Once upon a time I went to my local rec centre and learned easy, relaxing yoga moves. I had a great teacher; she encouraged the class to do what we wanted on any given night - slow down, speed up or just lay on the mat. I often laid on my mat, not moving.
I first heard the expression, "If you do what you've always done, you'll get what you've always got" at a Weight Watchers meeting many moons ago. While I agreed with the sentiment, I wasn't ready to not do what I'd always done.
Now I am.
Changing ain't easy, though nobody said it would be. I want more from my body, less of it. I want to run fast, it so prefers to plod.
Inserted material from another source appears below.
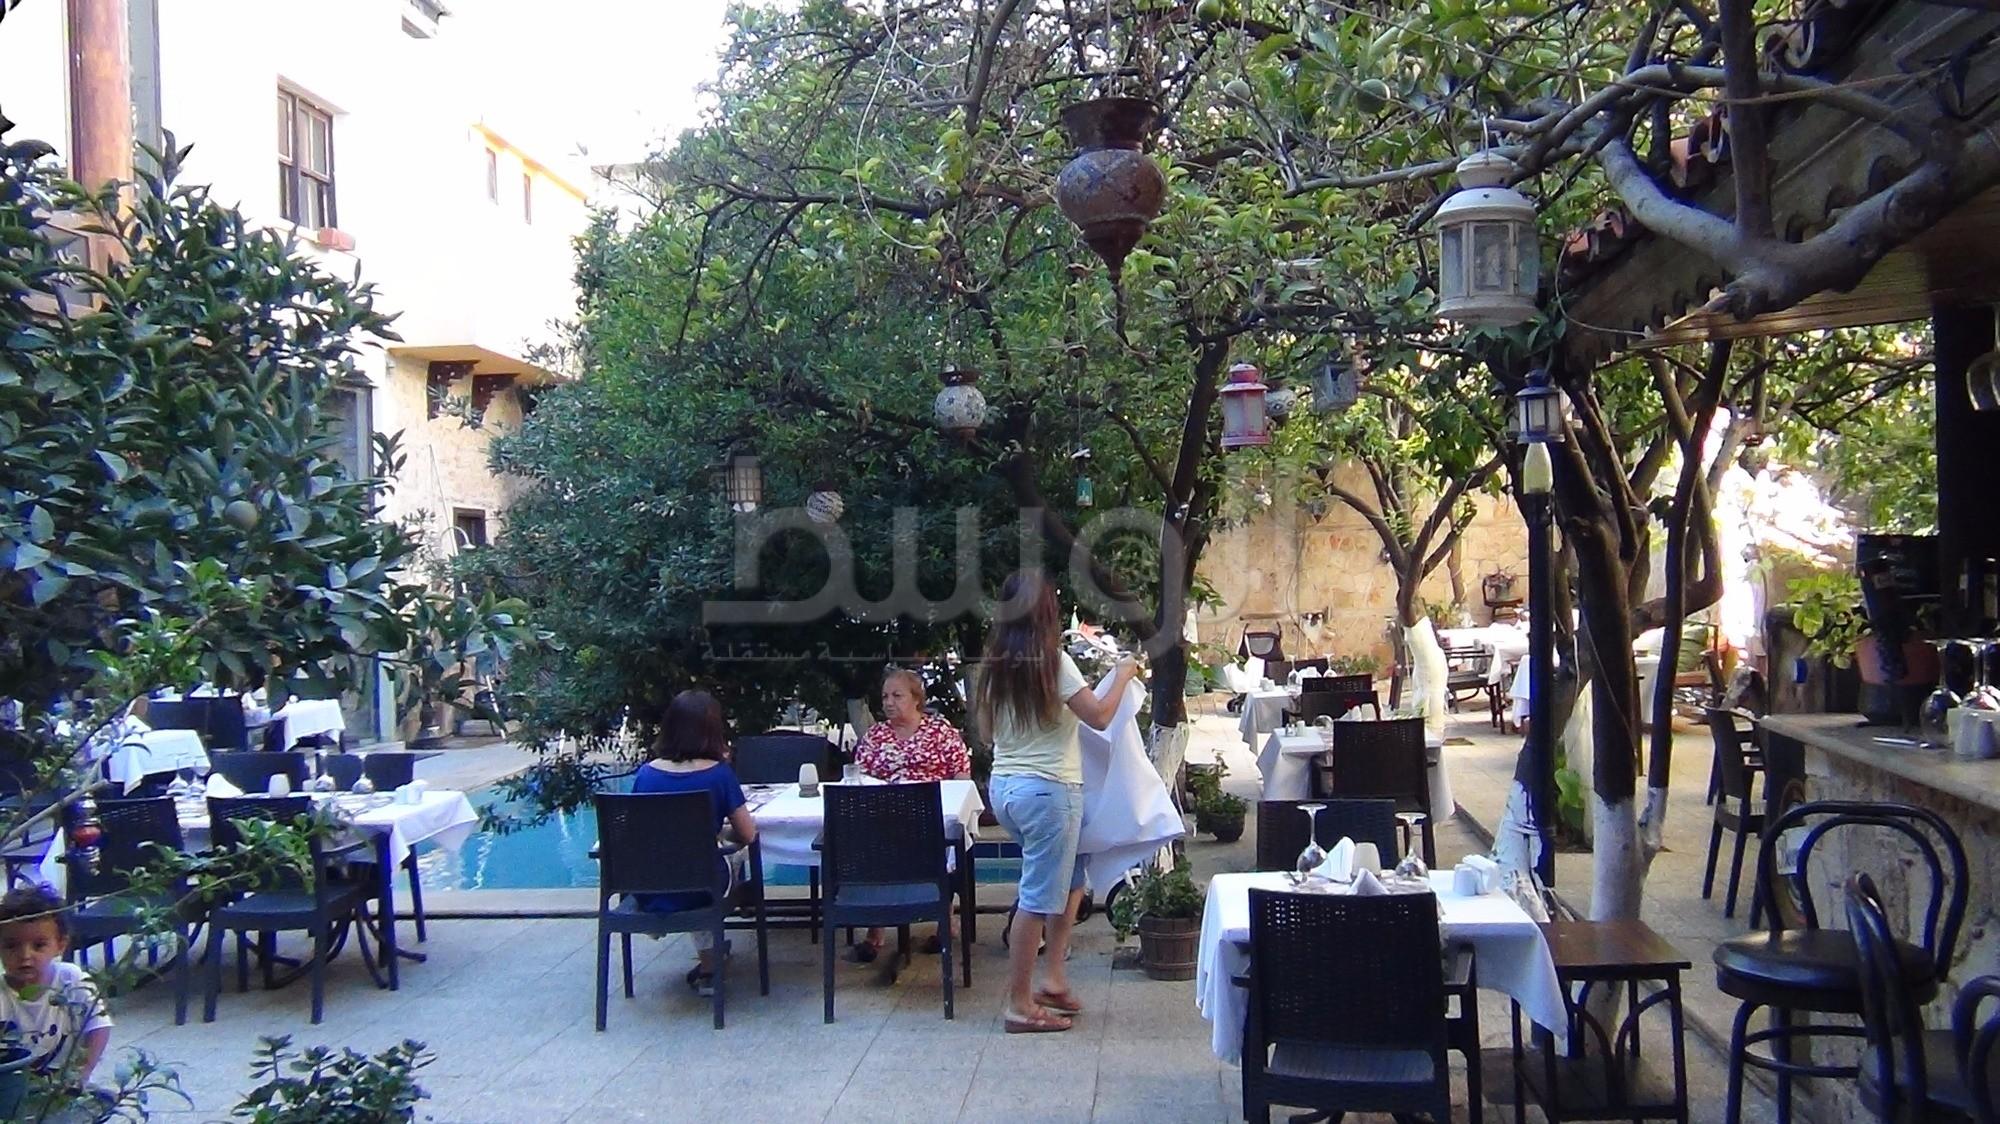 الفنادق والمطاعم بالحي القديم في انطاليا

I want to contort myself into a pretzel, my bulk blocks me.
I swore ever so silently while on my yoga mat this past Sunday. I struggled with the poses, with my shape, with the holds, twists and lunges. I felt awkward and tight and wrong. And it sucked. At the end, that fun shavasna part, aka laying still at the end, my new teacher said, "Say something nice to your body." Helpful.
So now I am back to the feeling I had on the treadmill, running one minute walking for one minute, wanting "to be a runner". I didn't know how long it would take but the goal was specific.
Now my goal is to be a happy yogini with more ohmmming than #!*^#, more flow than not. I like my goals to be clear, this one isn't. All I know is that I will be on my mat three times a week.